__Brief__
Could you repeat exactly the lines below, from the line containing "a lighthouse stands" through the last one, both included, while leaving out any pictures?

__Data extract__

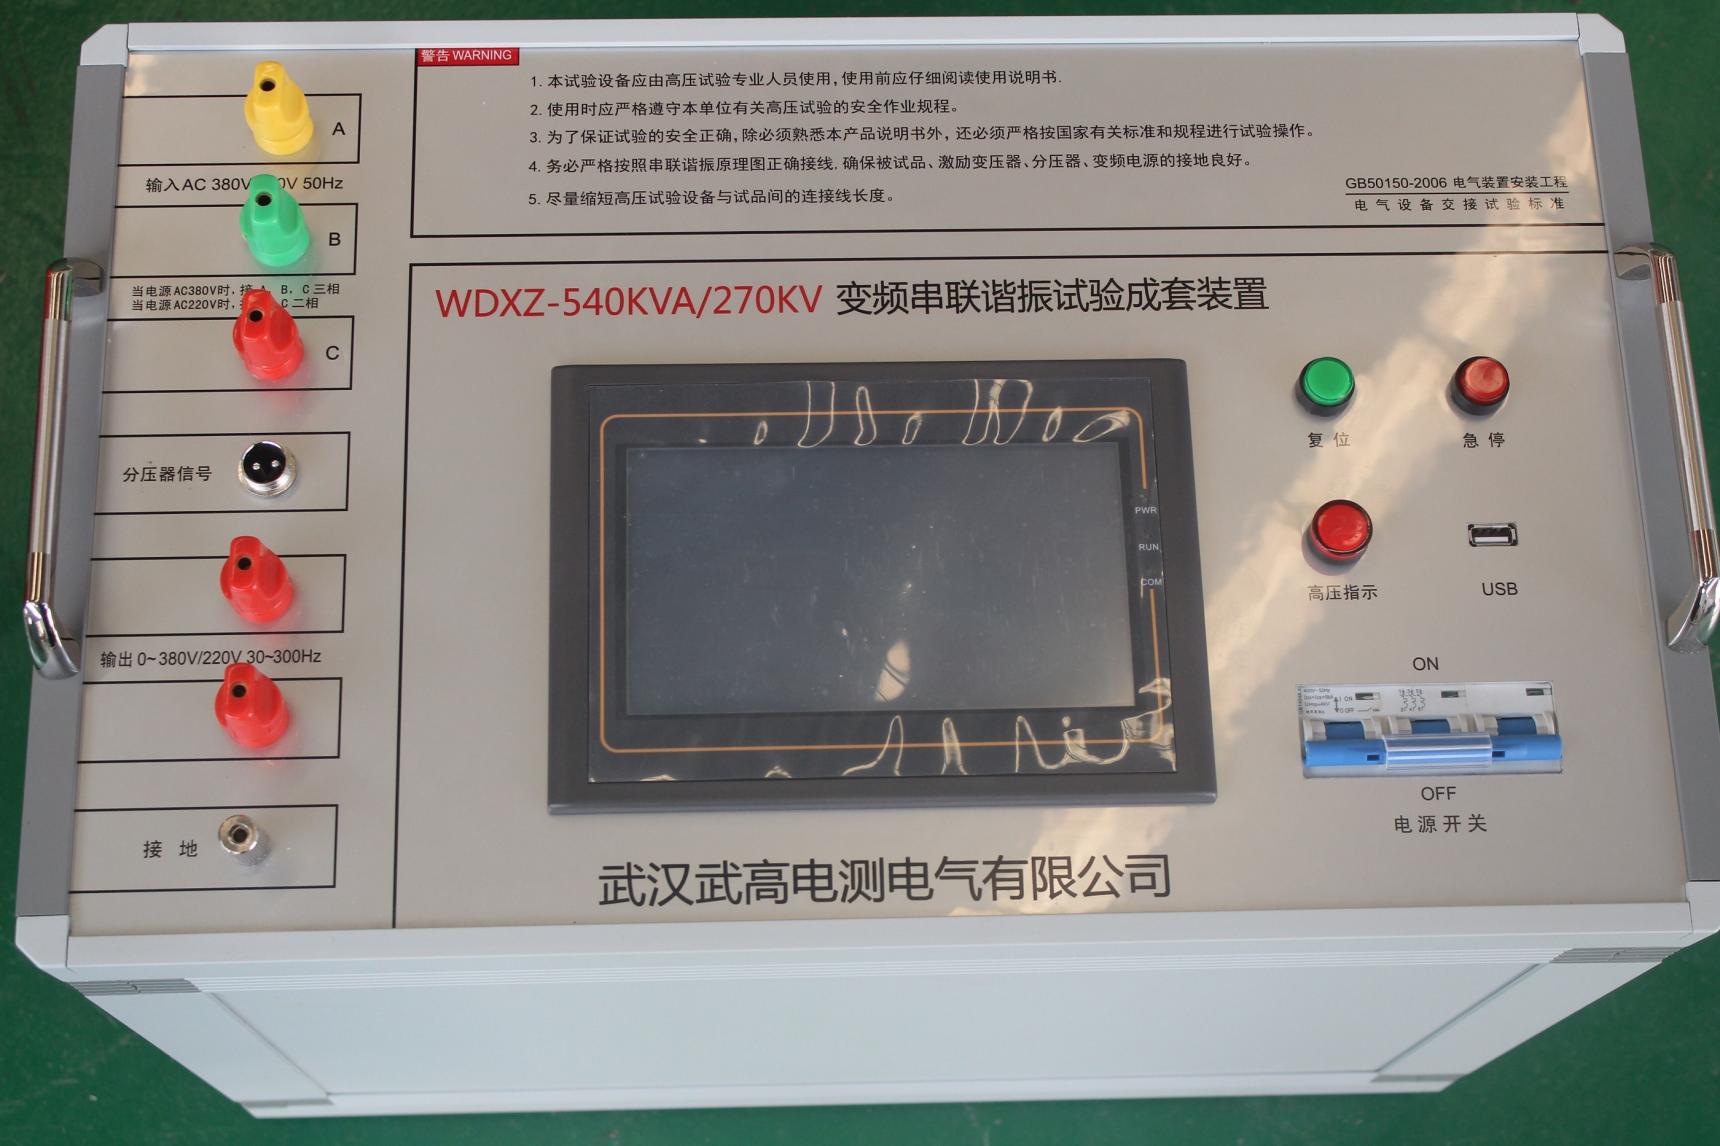 WDXZ-540KVA470KV frequency conversion series resonance withstand voltage test device Frequency conversion series resonance test
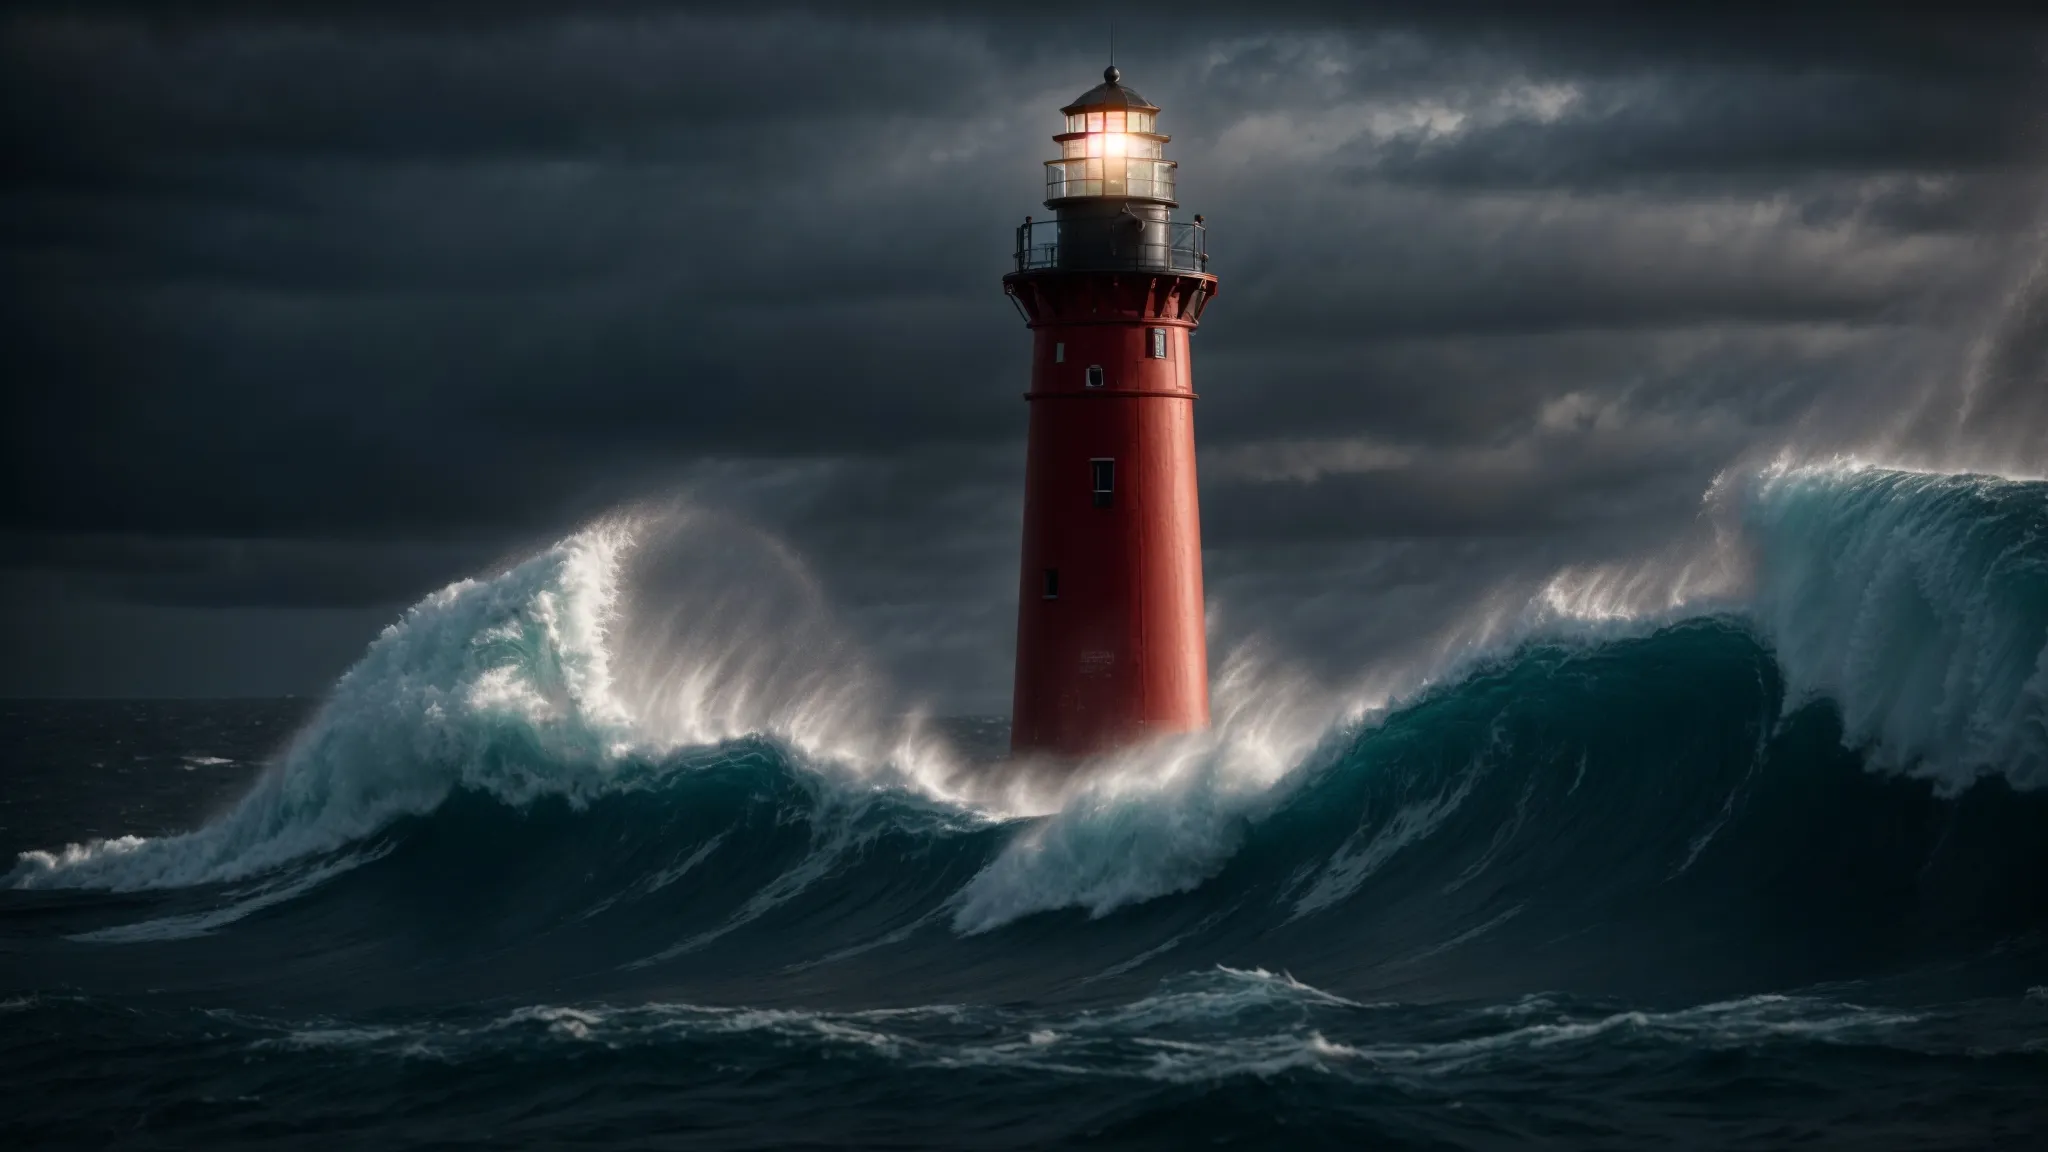 a lighthouse stands tall, casting its beacon over tumultuous seas under a starry sky, guiding ships safely to shore.
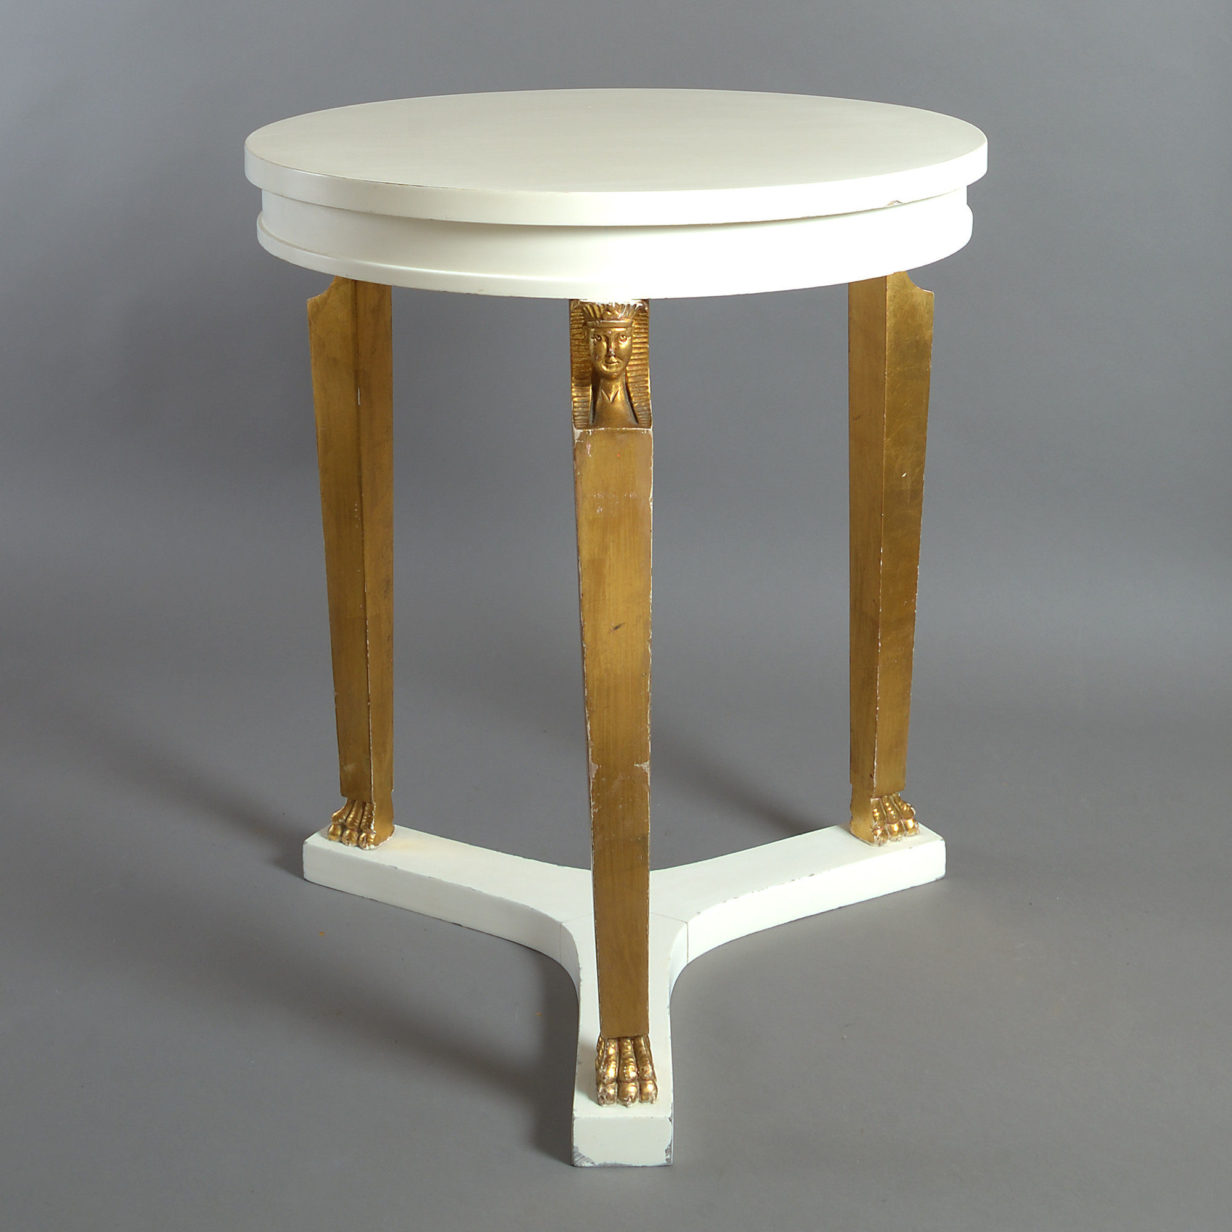 Mid-20th century pair of neo-classical circular end tables
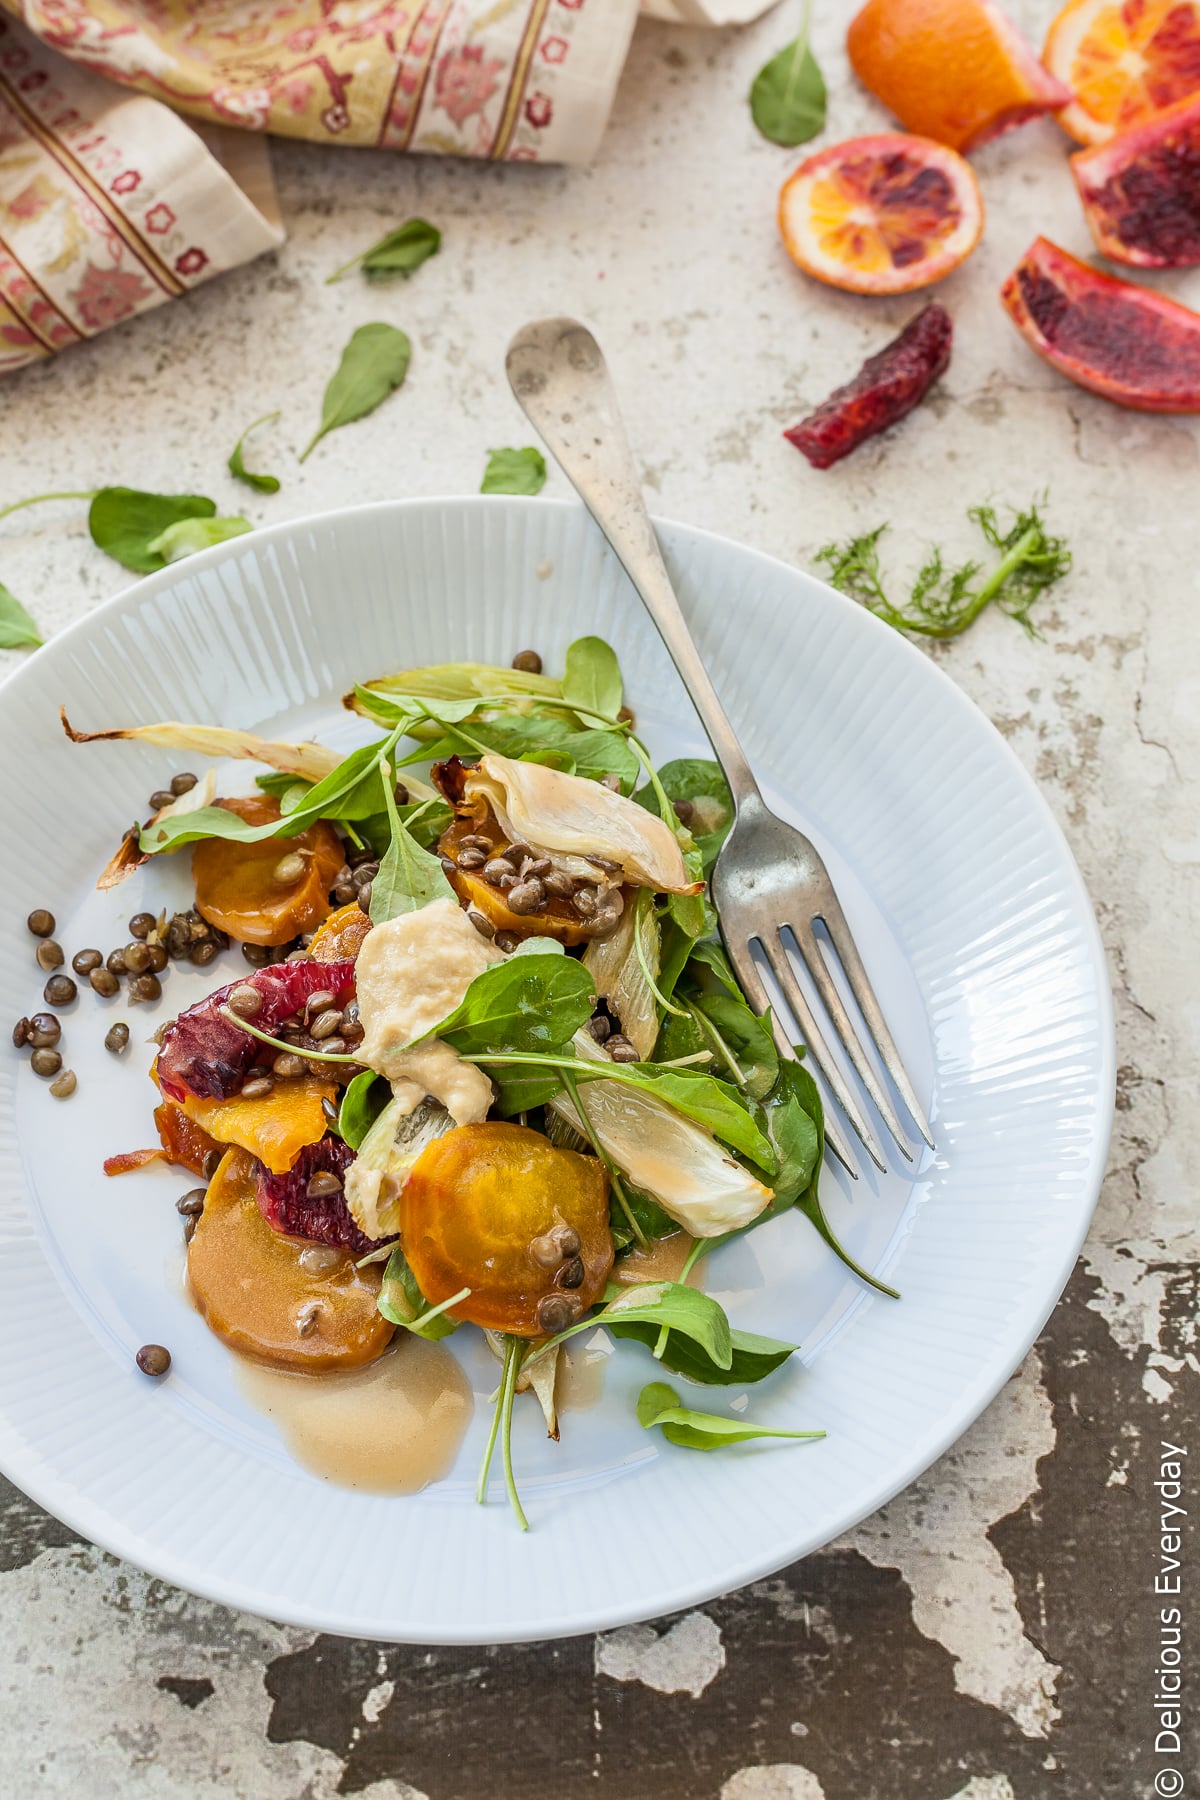 Even on the coldest and dreariest winters day, this beautiful vegan Roast Beetroot Salad with Lentils, Fennel and Blood Orange will brighten up your day. And your palate!

__Response area__
 a lighthouse stands tall, casting its beacon over tumultuous seas under a starry sky, guiding ships safely to shore.
 Mid-20th century pair of neo-classical circular end tables
 Even on the coldest and dreariest winters day, this beautiful vegan Roast Beetroot Salad with Lentils, Fennel and Blood Orange will brighten up your day. And your palate!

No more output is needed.